### **MOUNTING DRIVE TO ACCESS AND SAVE DATA**

In [1]:
from google.colab import drive
drive.mount('/content/drive')

Mounted at /content/drive


### **IMPORTING RELEVANT MODULES**

In [2]:
import numpy as np
import pandas as pd
import nltk
from nltk.corpus import stopwords
from nltk.tokenize import word_tokenize
from sklearn.model_selection import train_test_split
import tensorflow as tf
from tensorflow.keras.preprocessing.text import Tokenizer
from tensorflow.keras.preprocessing.sequence import pad_sequences
from tensorflow.keras.models import Sequential
from tensorflow.keras.layers import Embedding, LSTM, Dense
from tensorflow.keras.models import load_model
nltk.download('punkt')
nltk.download('stopwords')

[nltk_data] Downloading package punkt to /root/nltk_data...
[nltk_data]   Unzipping tokenizers/punkt.zip.
[nltk_data] Downloading package stopwords to /root/nltk_data...
[nltk_data]   Unzipping corpora/stopwords.zip.


True

### **TOKENIZING AND PREPROCESSING TWEETS**

In [4]:
stop_words = set(stopwords.words('english'))
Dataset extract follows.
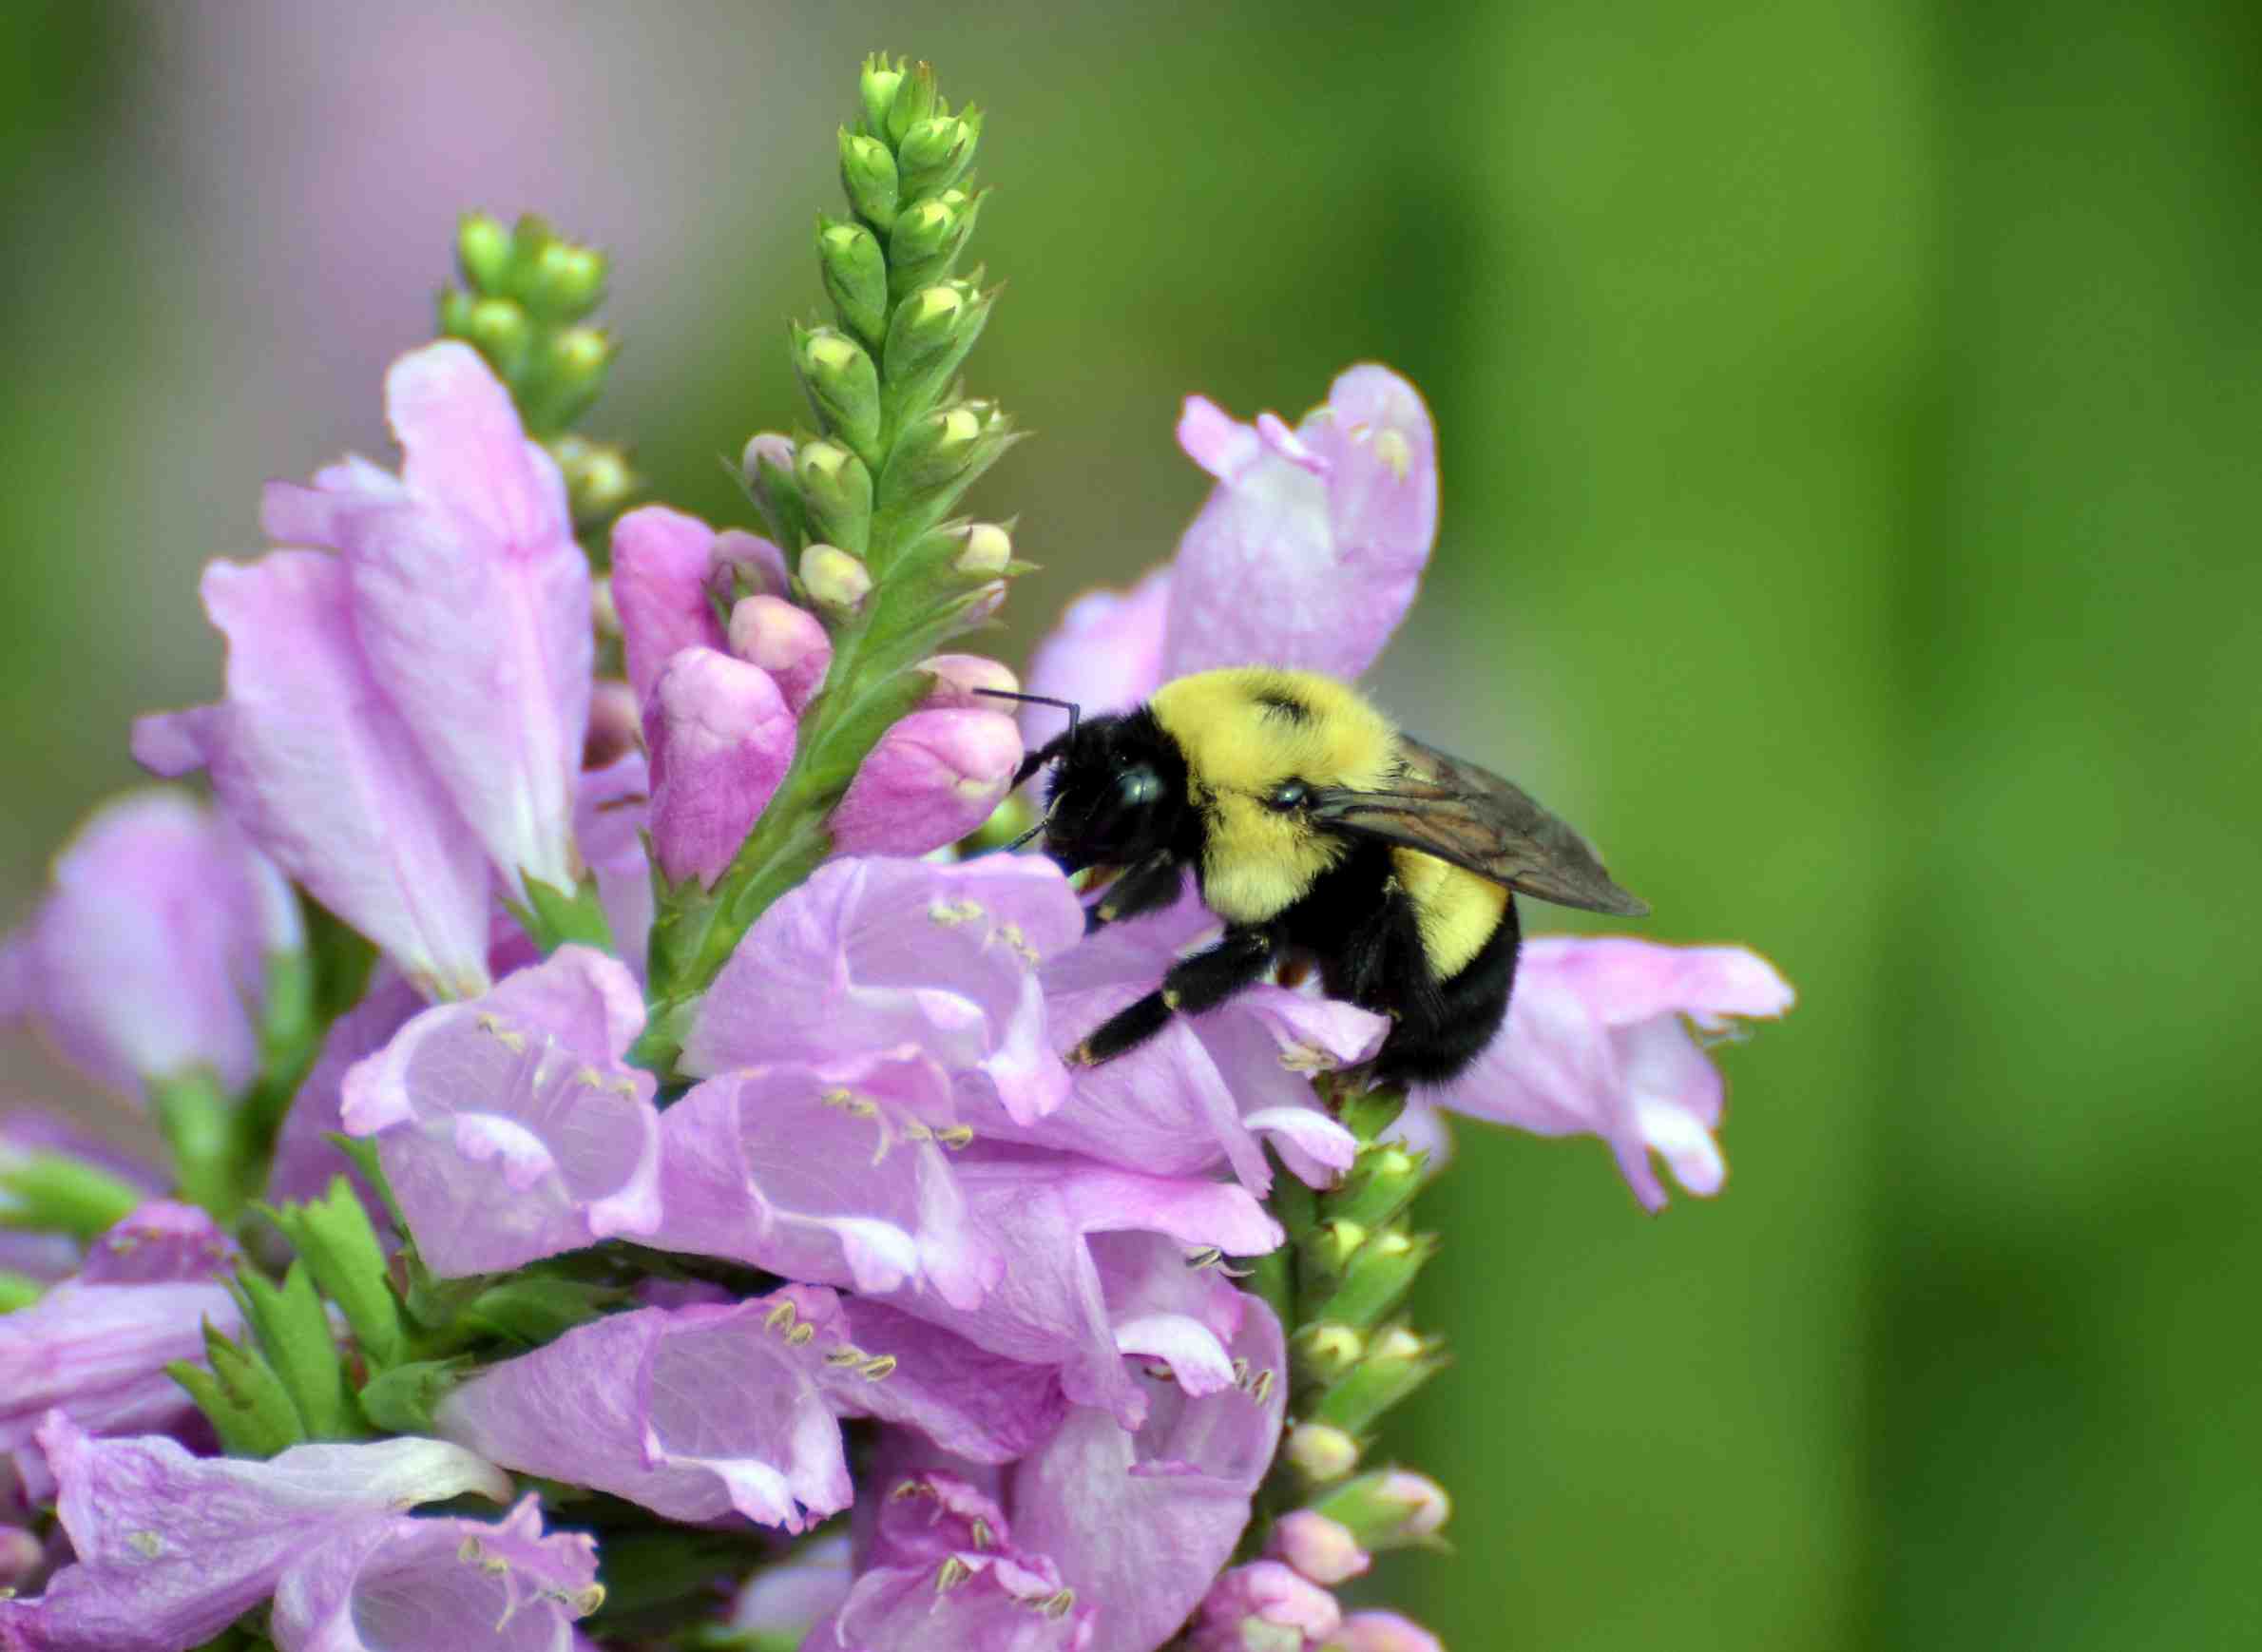 As honey bees become more popular, Wisconsin’s native bees still struggle

def preprocess_text(text):
    if type(text) != float:
        tokens = word_tokenize(text.lower())
        filtered_tokens = [word for word in tokens if word.isalnum() and word not in stop_words]
        return ' '.join(filtered_tokens)
    else:
        return str(text)

df = pd.read_csv('/content/drive/MyDrive/Colab Notebooks/extern.csv')

df['preprocessed_tweet'] = df['tweet'].apply(preprocess_text)
X = df['preprocessed_tweet'].values
y = df['value'].values

### **DIVIDING INTO TRAIN AND VALIDATION SET**

In [5]:
X_train, X_test, y_train, y_test = train_test_split(X, y, test_size=0.2, random_state=42)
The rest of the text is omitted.